Figure 1. Police-ordinances include much information, useful and connecting various research fields. Some examples.

In the 1990s, a large project at the Max-Planck-Institute für europäische Rechtsgeschichte (MPIeR) was launched, resulting in an inventory (repertorium) of 68 states leading to a dataset containing summaries of over 200,000 texts with metadata on each of the individual sources. The focus of this project was on the Holy Roman Empire, Switzerland (Bern and Zürich), Austria, Denmark and Sweden – up to now data for 31 states has been redacted and published in twelve printed volumes, containing an overview of the police-ordinances of these areas. This data is all structured alike, though it does not make use of full-text. The repertory is presently being prepared to be published as an online database. Since 1846 the Royal Commission for the Publication of Ancient Laws and Ordinances has been collecting norms in Belgium, and a few recent projects aim at connecting this to the MPIeR data with similar metadata.
The map below shows the MPIeR studied areas (light green) and the areas under investigation (dark green).

Figure 2. MPIeR Repertorium and other initiatives (dark green), period 1500-1800.
The MPIeR project has created a bespoke data-scheme to reflect changes in territorial denomination over time, legislators and different forms of ordinances. Most importantly, it has defined a vocabulary of subject matters that was then applied across all states in the database. However, up to now, this has been made accessible only via subject matter indices in the respective printed volumes, and there has been no quick way to investigate cross-boundary developments, for instance. Presently, this is about to change by the imminent publication of the repository as one consolidated database. But none of the aspects of the data will, in this first step, be rendered in an interoperable, i.e. formally defined and machine-readable way (neither the various administrative units in their historical dynamics, nor the legislative persons or bodies, nor the vocabulary of subject matters).
For now, the ontology is a mere sketch that is still flexible in what could/ should be changed; hence a choice of LOD-tool has not yet been made as it may depend on the possibilities too. Having experiences with Protégé, Web-Karma and Blazegraph these are potential options – but advice here is more than welcome.

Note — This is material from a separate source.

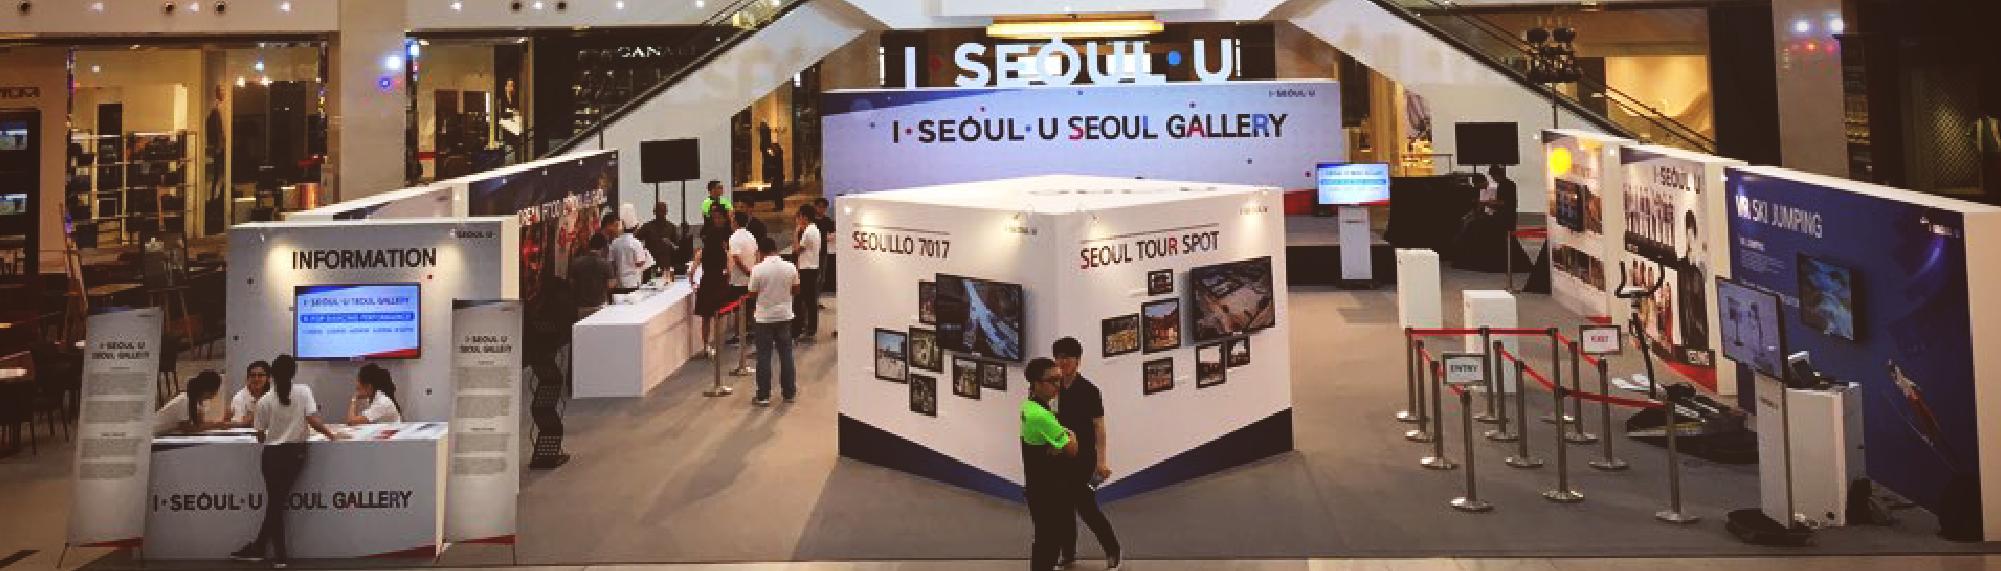 I Seoul U Seoul Gallery in Malaysia

As various disciplines benefit from digital accessibility of normative texts, an international group of researchers is setting up an ontology allowing to machine-read the data. However, even though we try to incorporate all potential disciplines and ideas; I would like to present a poster with the ontology for normative texts as-is during the DHBenelux and ask participants to comment on it. As such, we hope to enrich the ontology and see if there are elements missing or issues that should be clarified.